> _Information shown_:
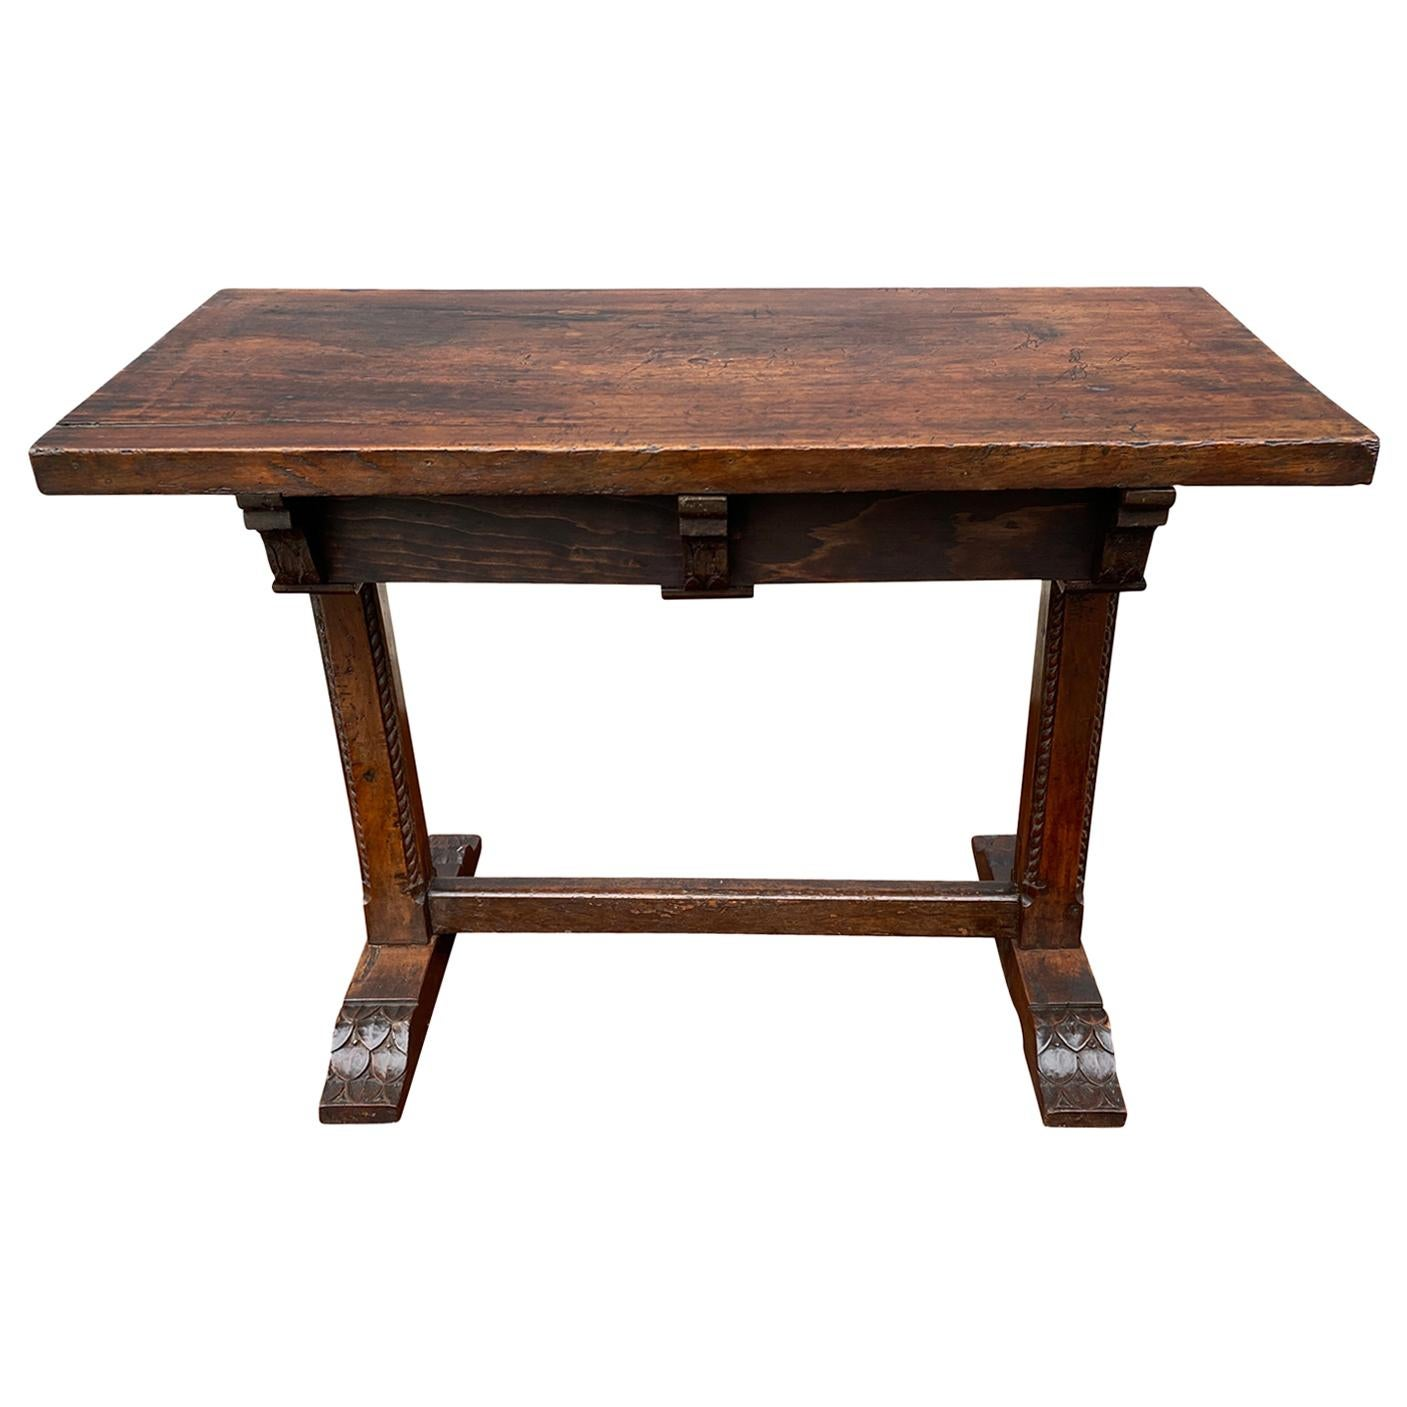 17th Century Spanish Walnut Trestle Table
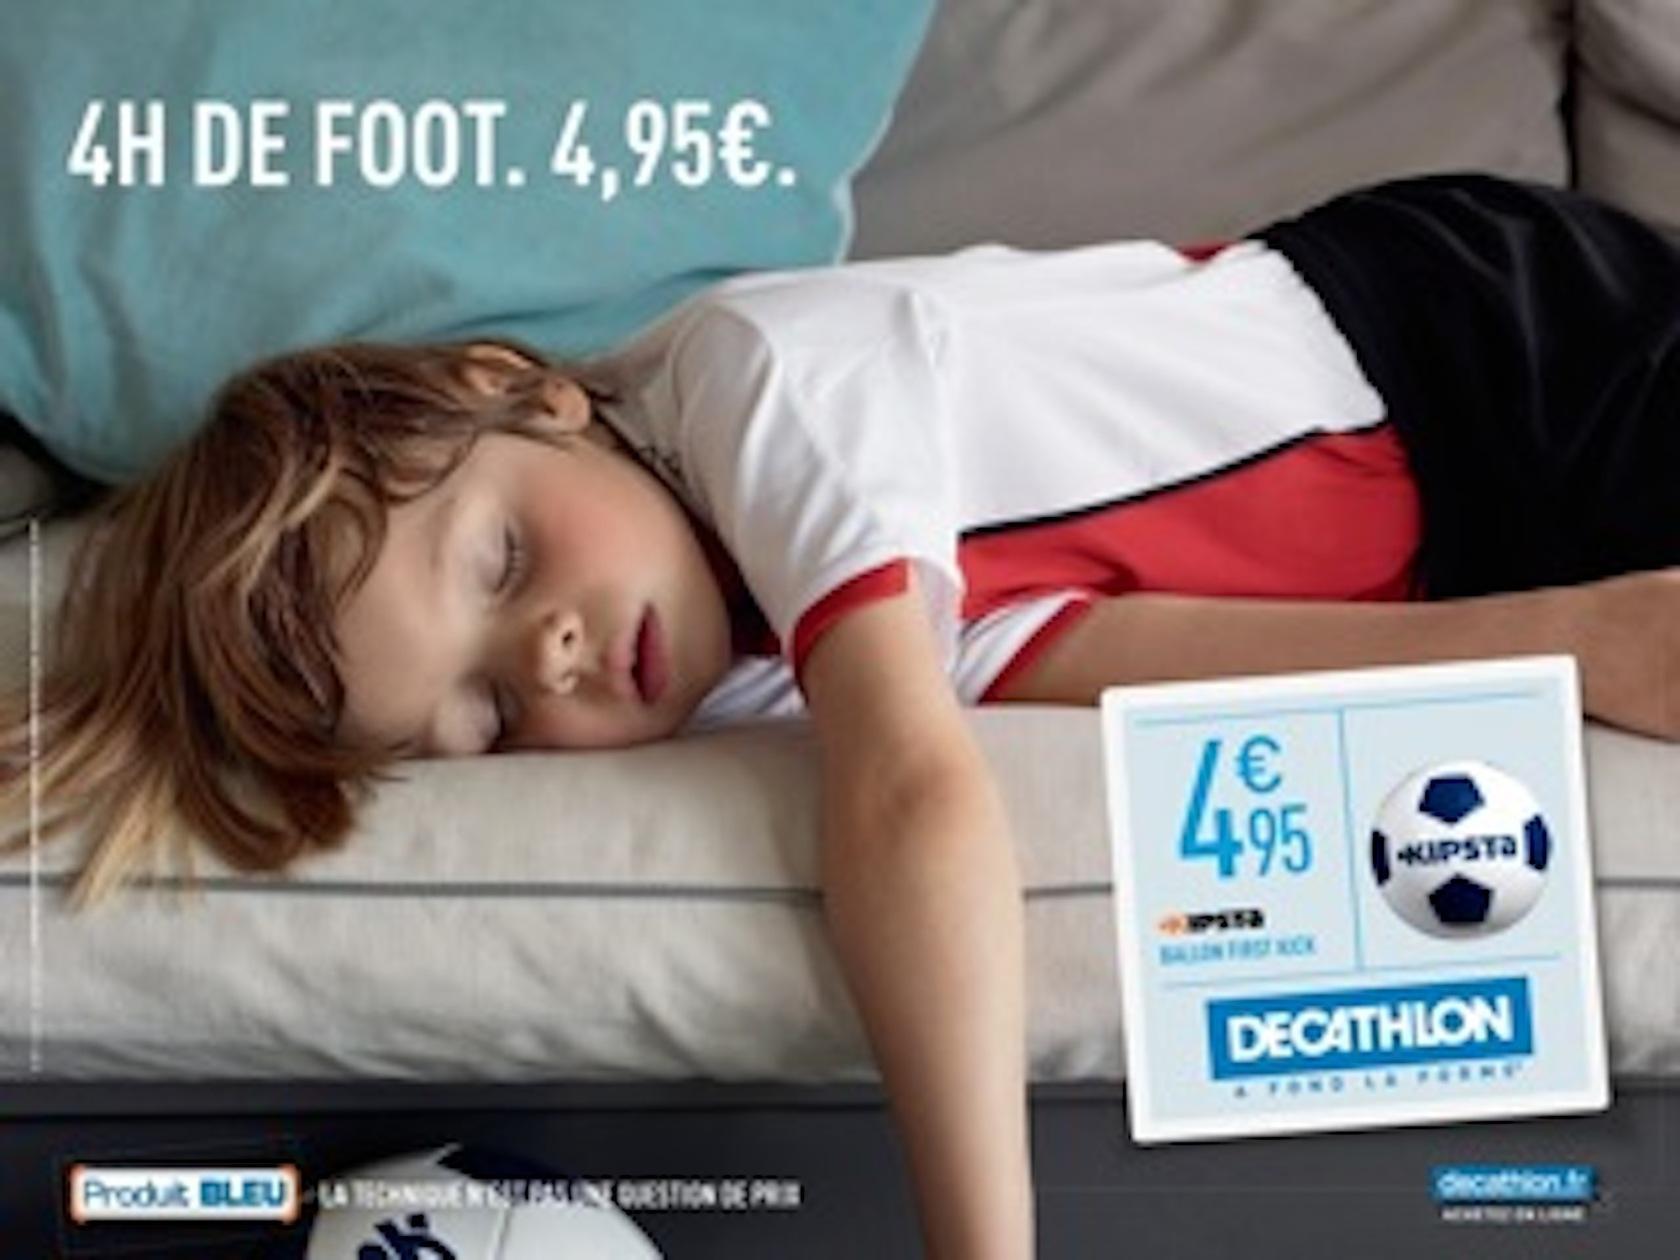 Décathlon Foot Où Ai-Je La Tête ?
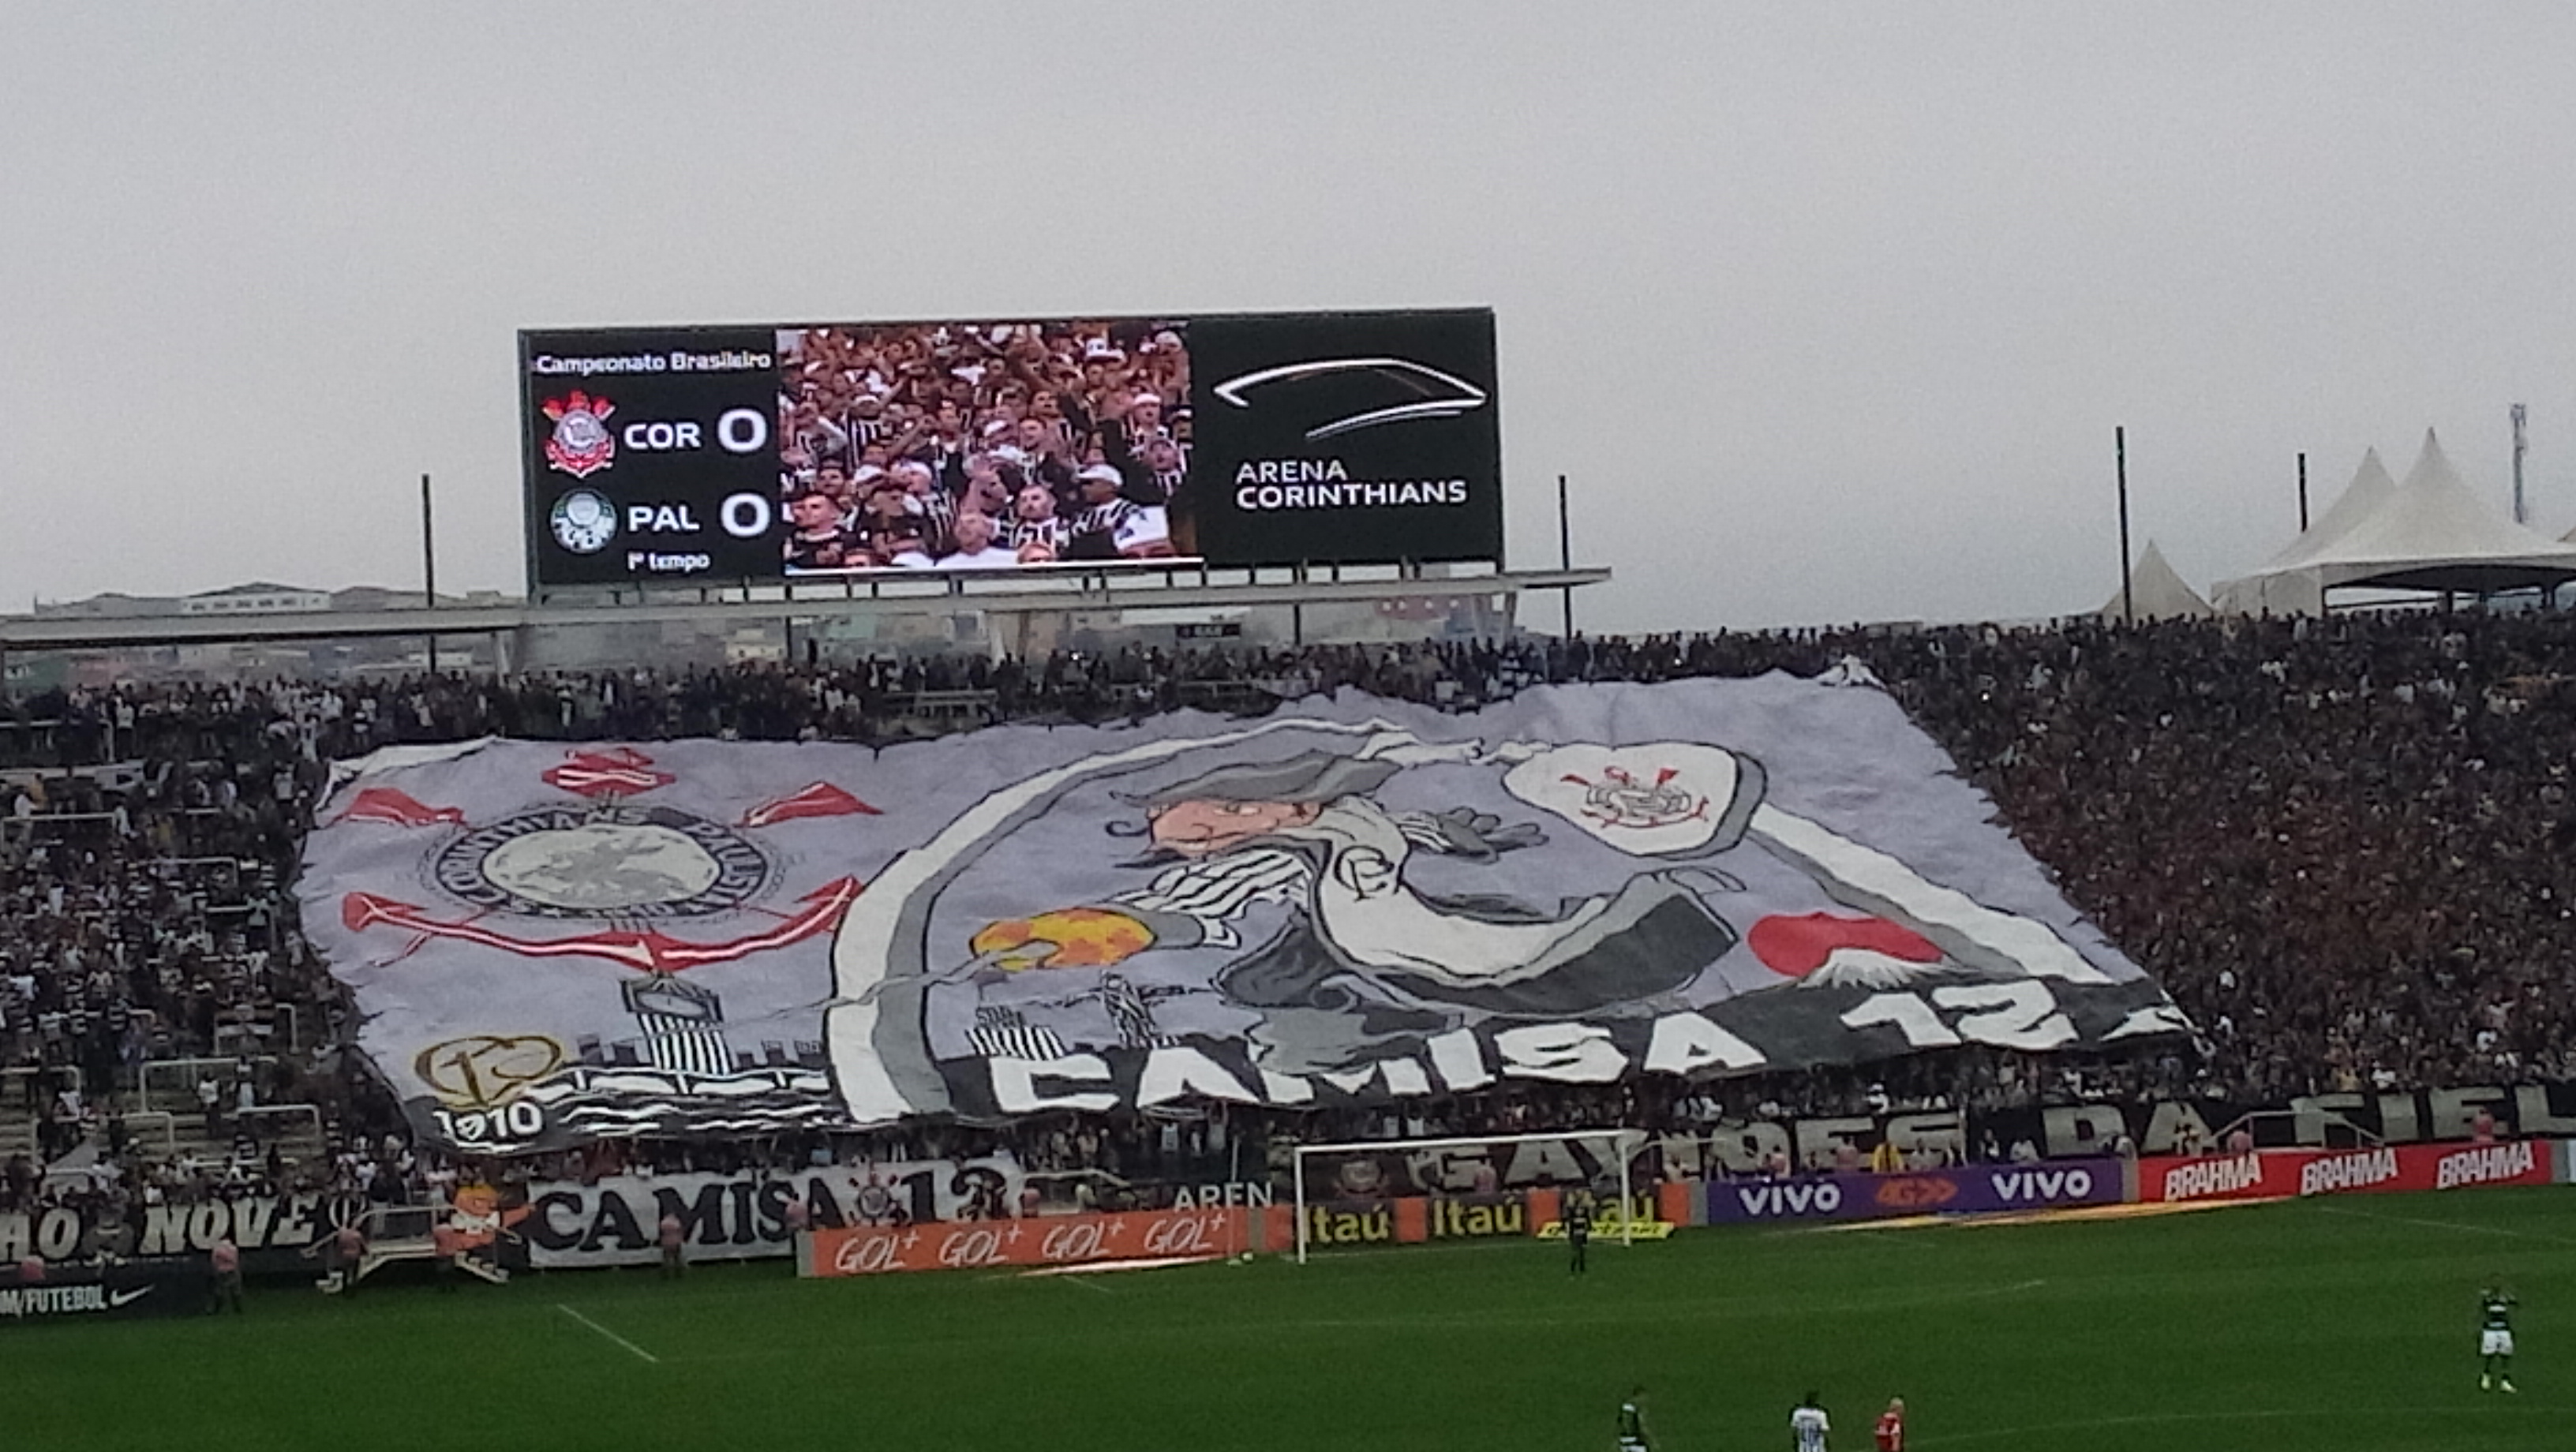 39692d99dd6d52 Ficheiro:Bandeirão da Torcida Camisa 12 - Corinthians.jpg ...

> _Work order_:
Omit the pictures and print the listing exactly.

> _Answer area_:
 17th Century Spanish Walnut Trestle Table
 Décathlon Foot Où Ai-Je La Tête ?
 39692d99dd6d52 Ficheiro:Bandeirão da Torcida Camisa 12 - Corinthians.jpg ...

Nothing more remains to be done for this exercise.